> **DATA EXTRACT**:
--- --- ---

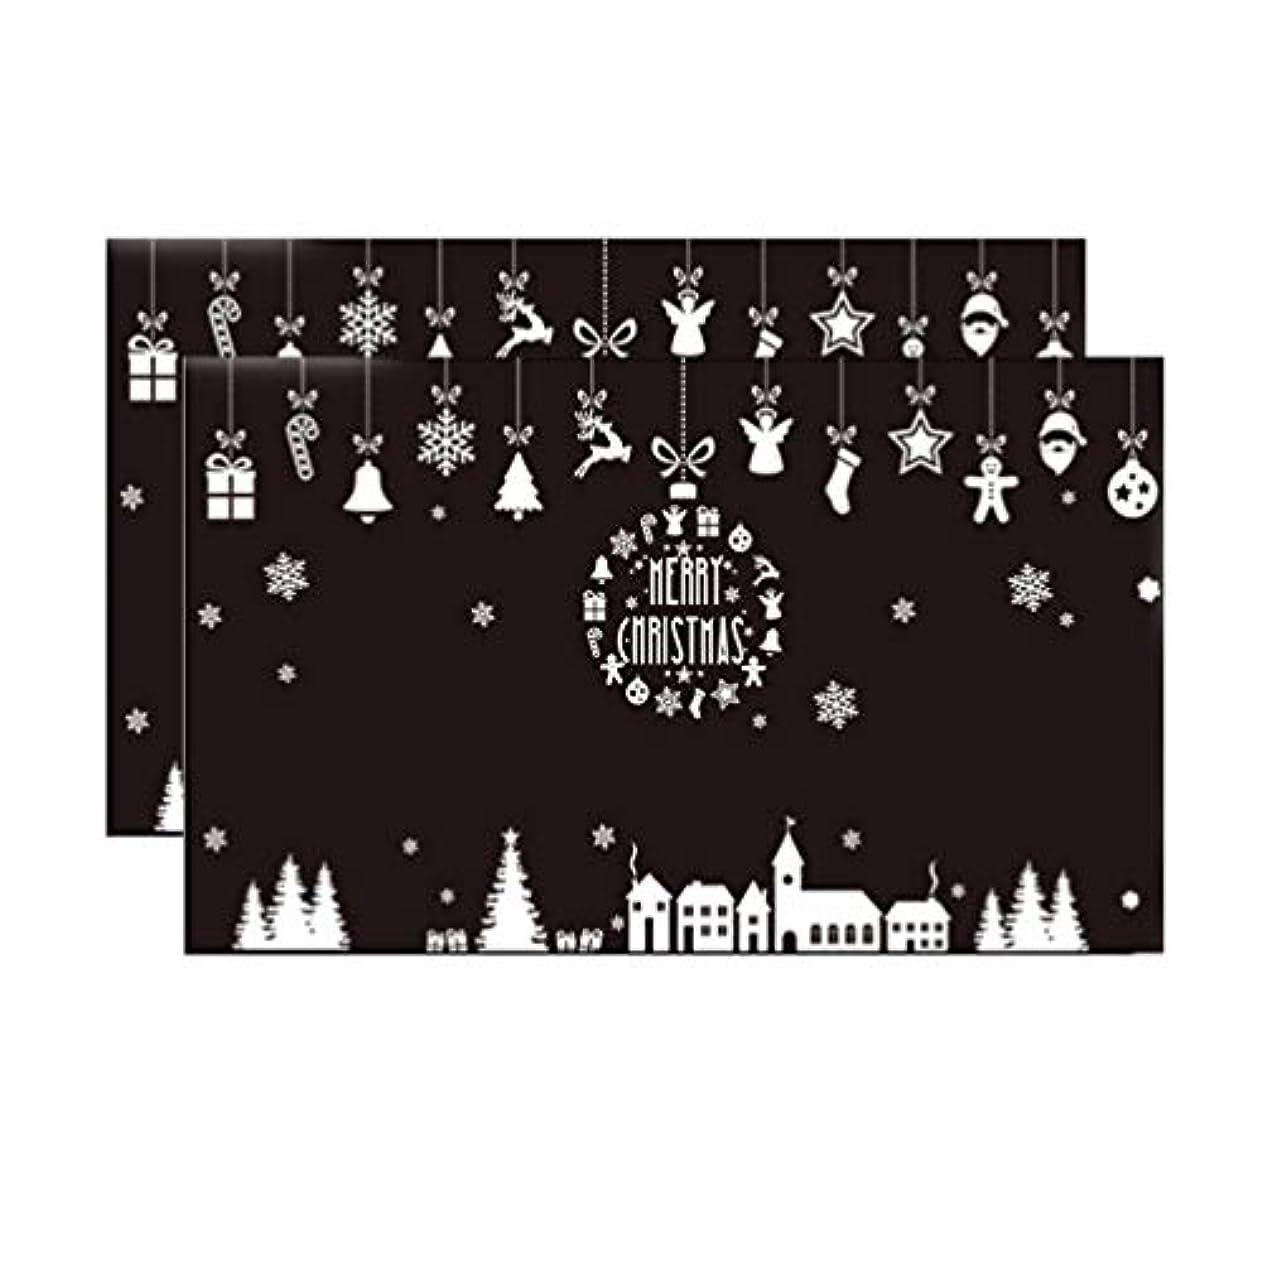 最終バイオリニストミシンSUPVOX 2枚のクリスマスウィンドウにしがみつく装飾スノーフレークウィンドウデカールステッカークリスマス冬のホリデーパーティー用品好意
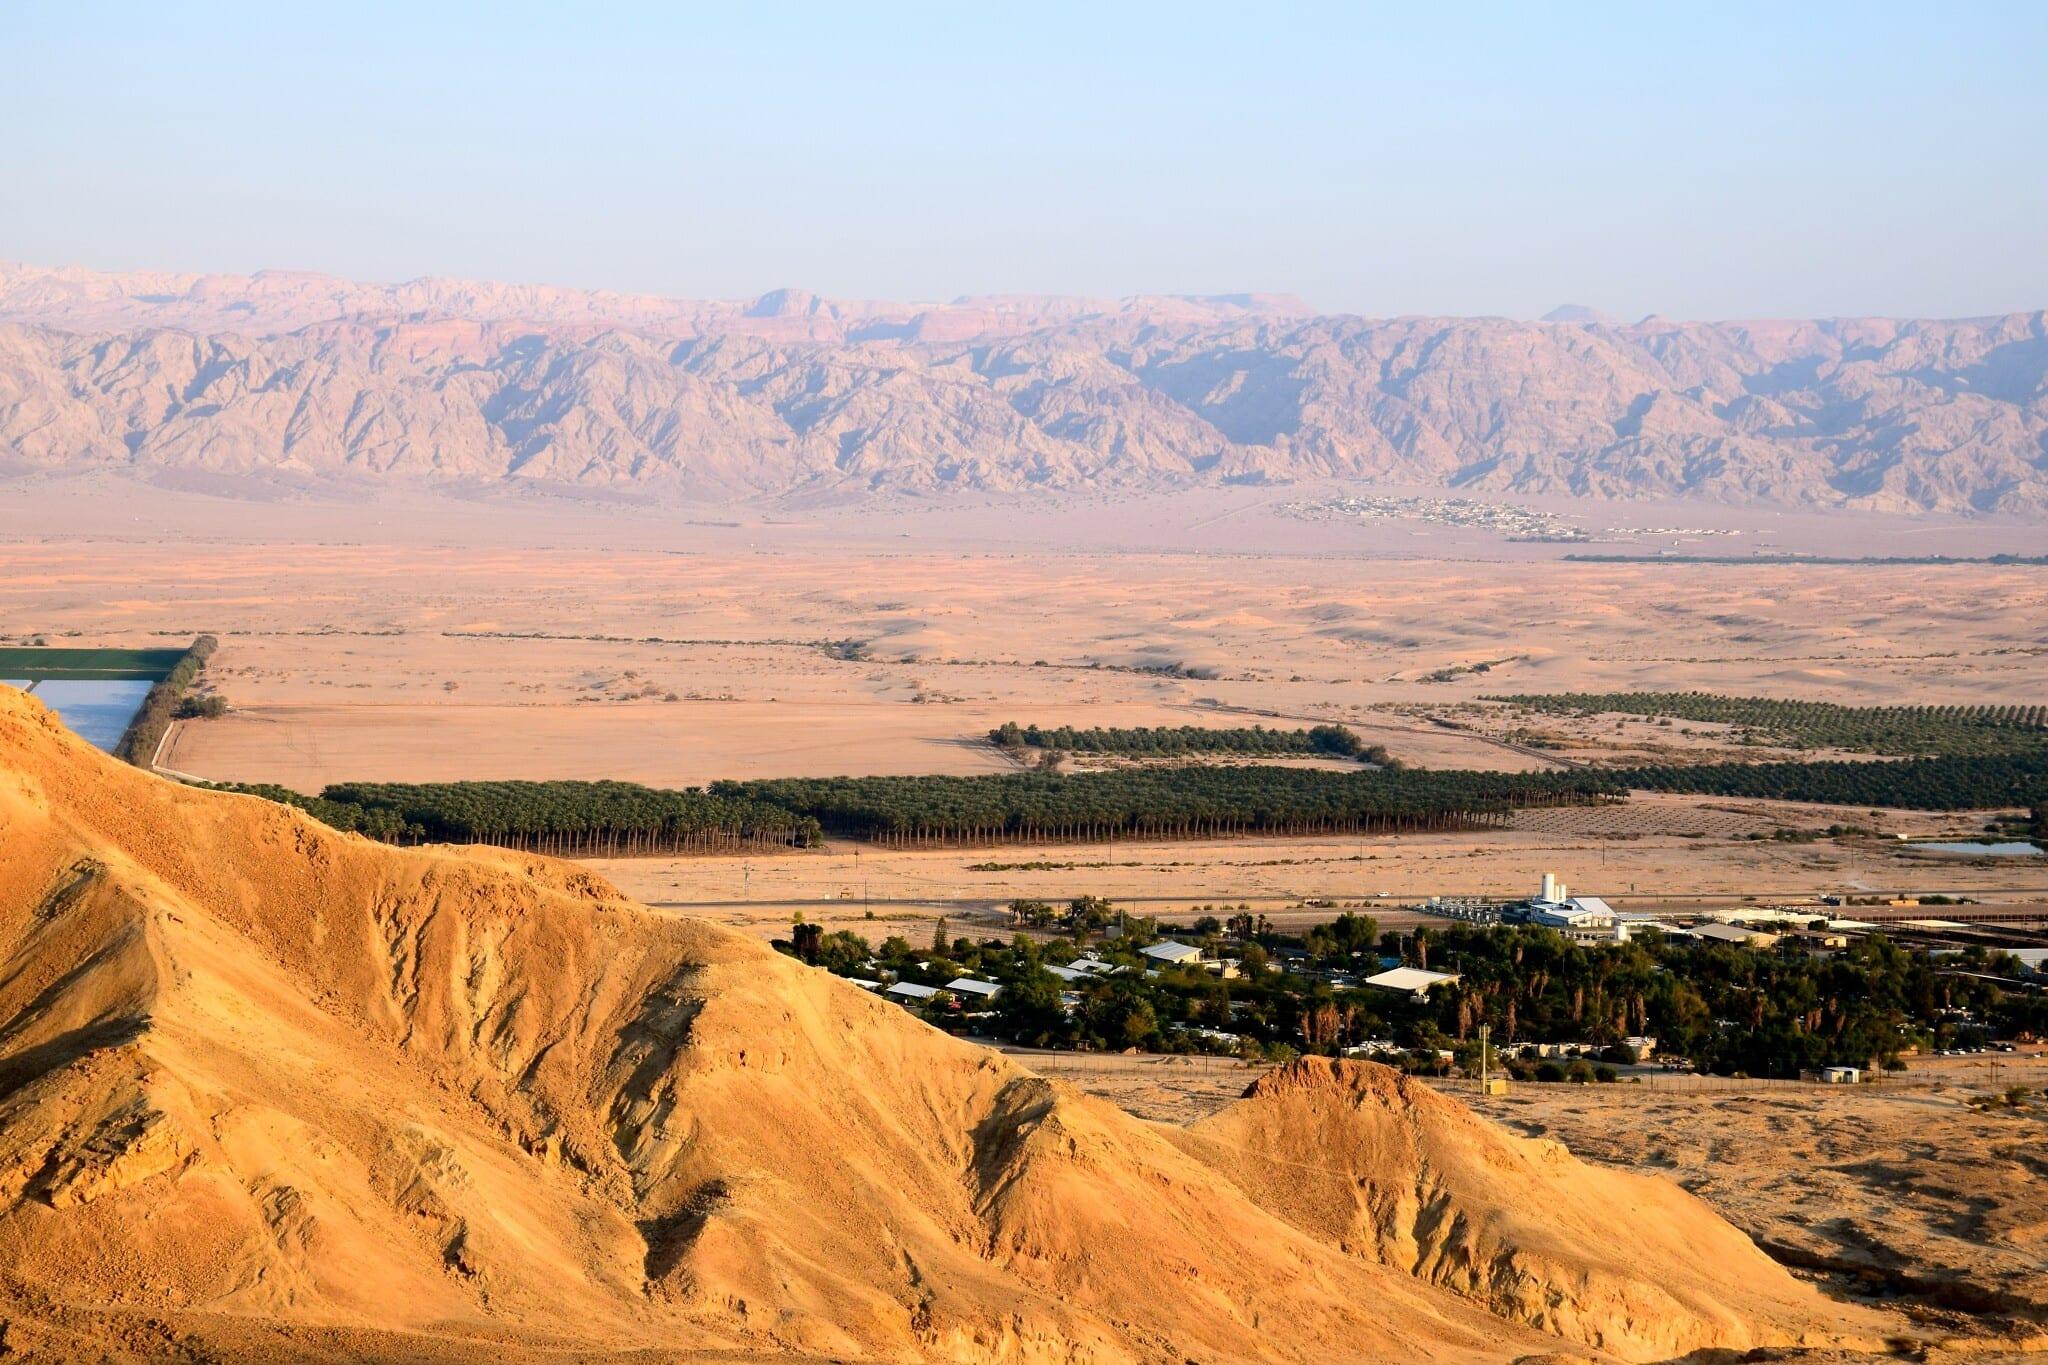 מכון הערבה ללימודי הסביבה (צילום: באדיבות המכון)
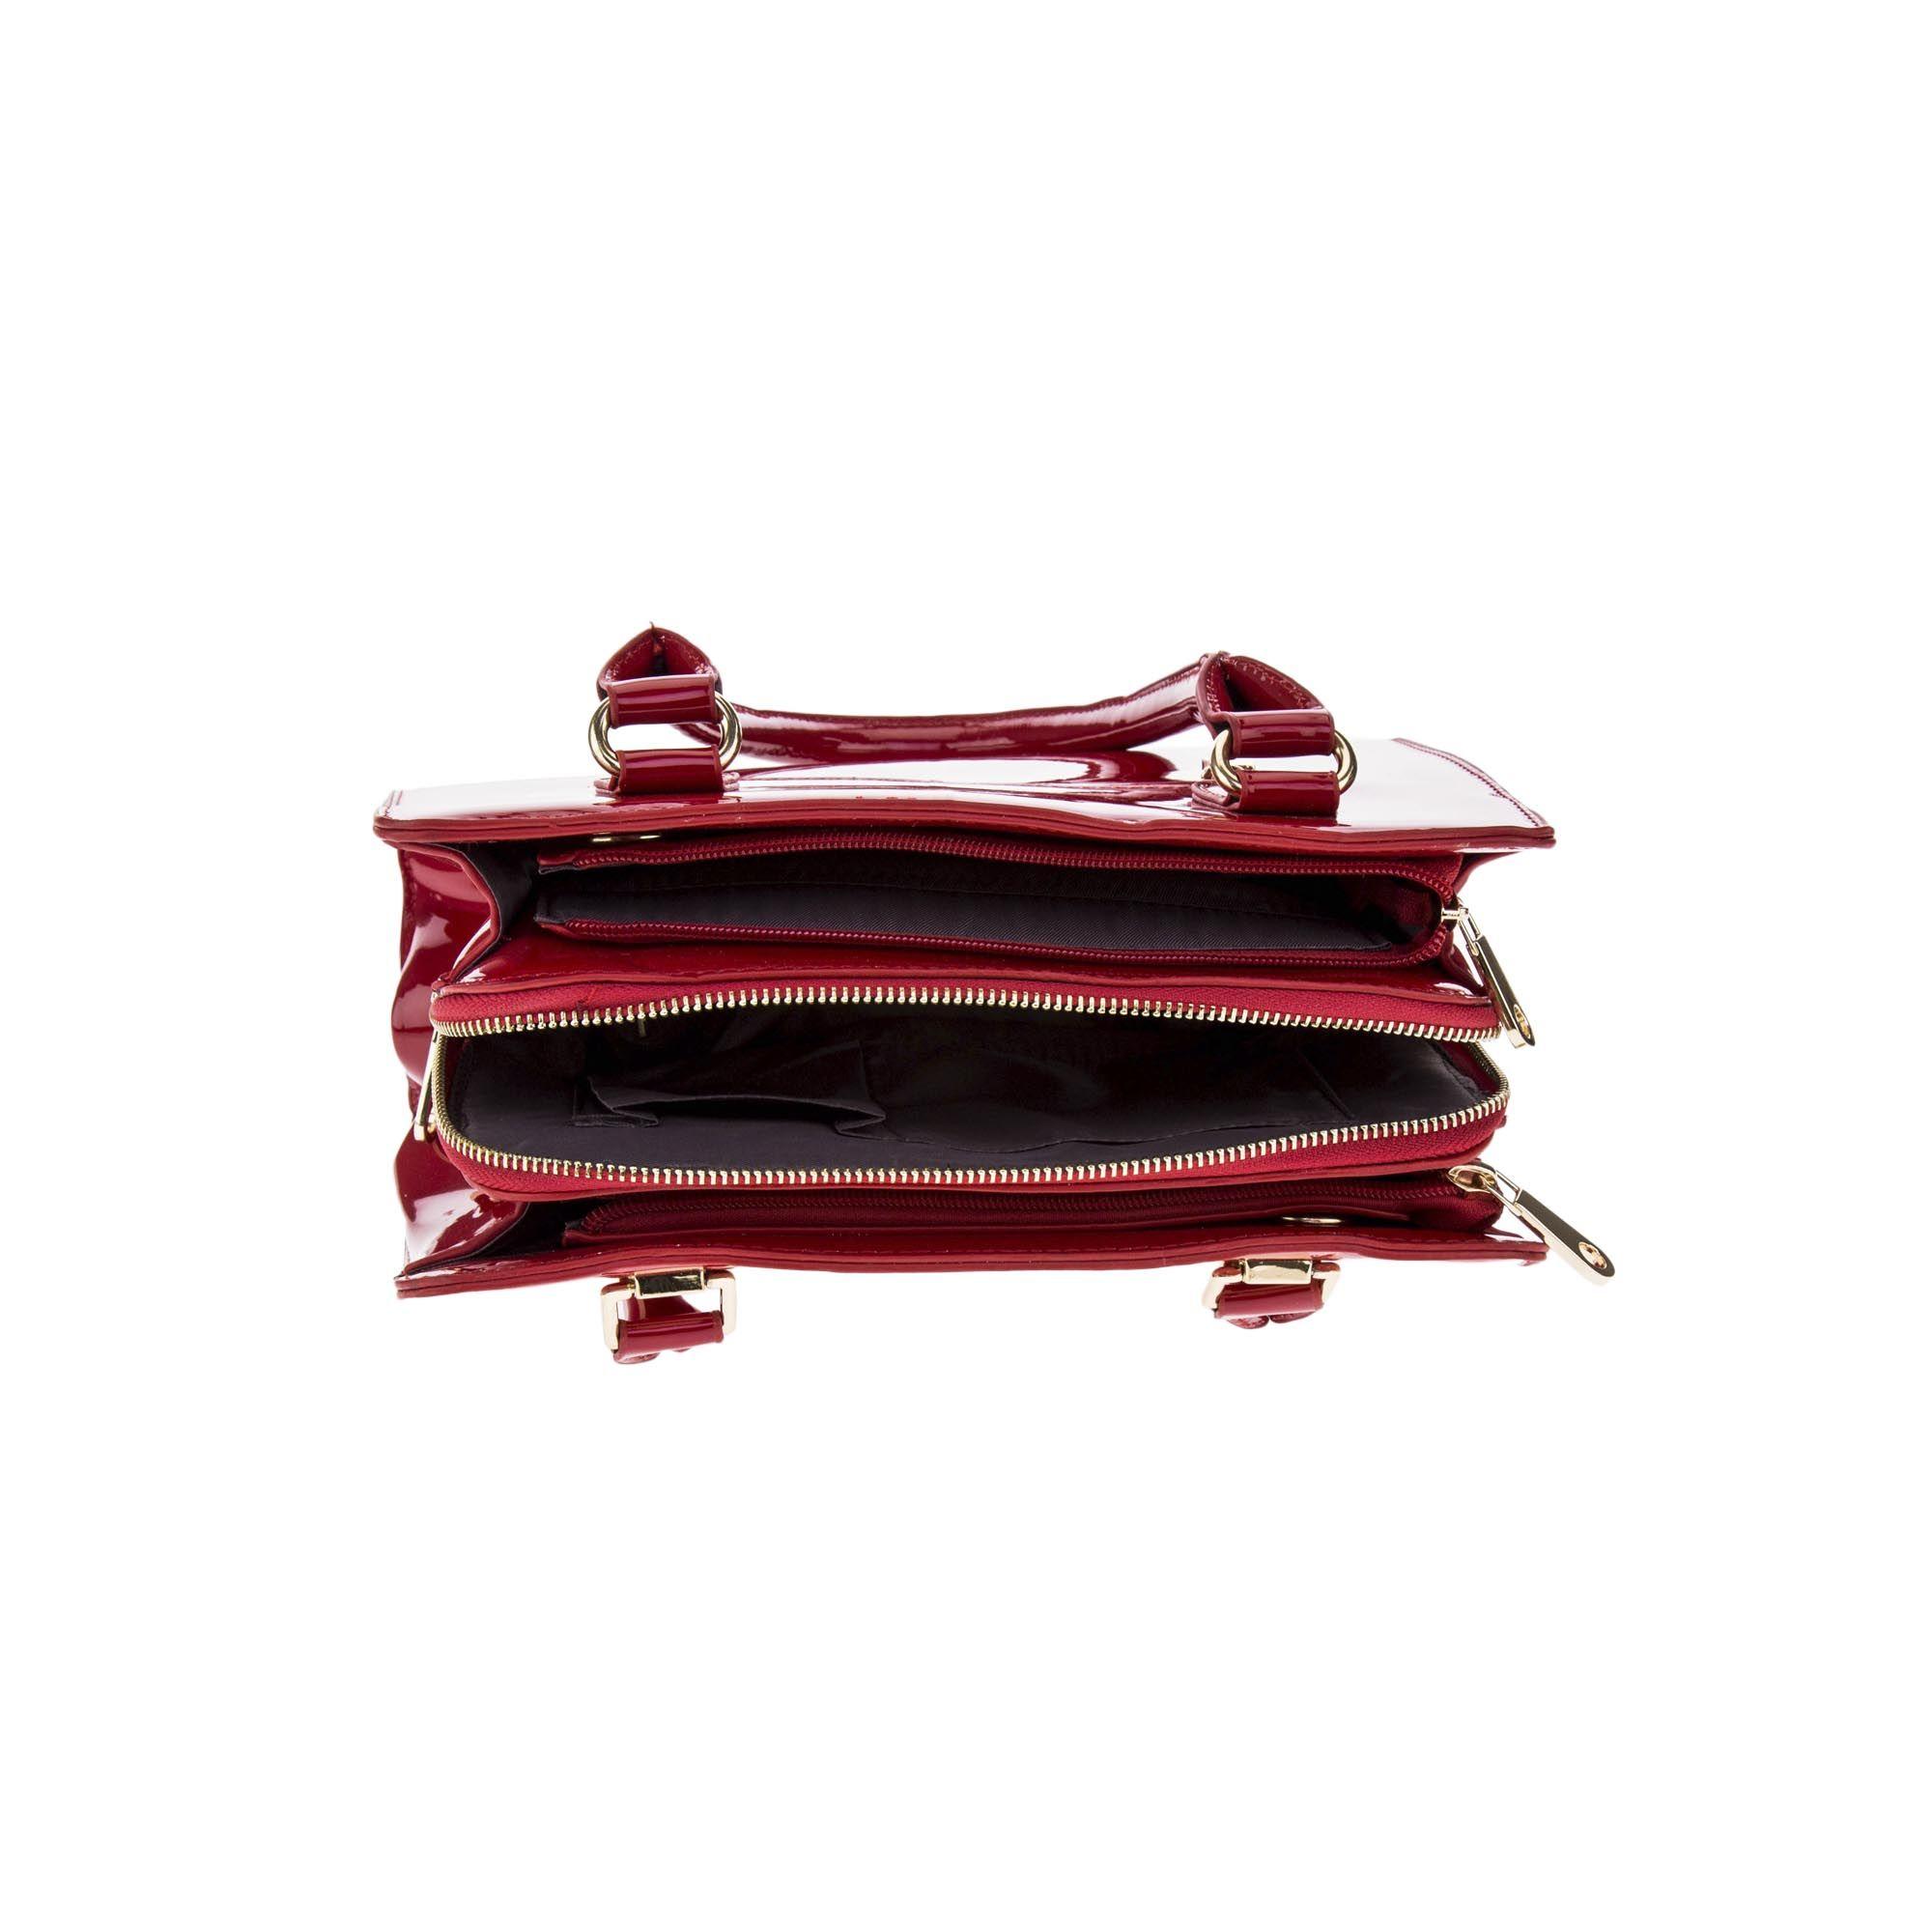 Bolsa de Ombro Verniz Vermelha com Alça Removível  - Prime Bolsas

--- --- ---

Output the span from the line with "מכון הערבה ללימודי" through the last line of the data, inclusive and exact, and omit every picture.

> **EXERCISE SOLUTION**:
 מכון הערבה ללימודי הסביבה (צילום: באדיבות המכון)
 Bolsa de Ombro Verniz Vermelha com Alça Removível  - Prime Bolsas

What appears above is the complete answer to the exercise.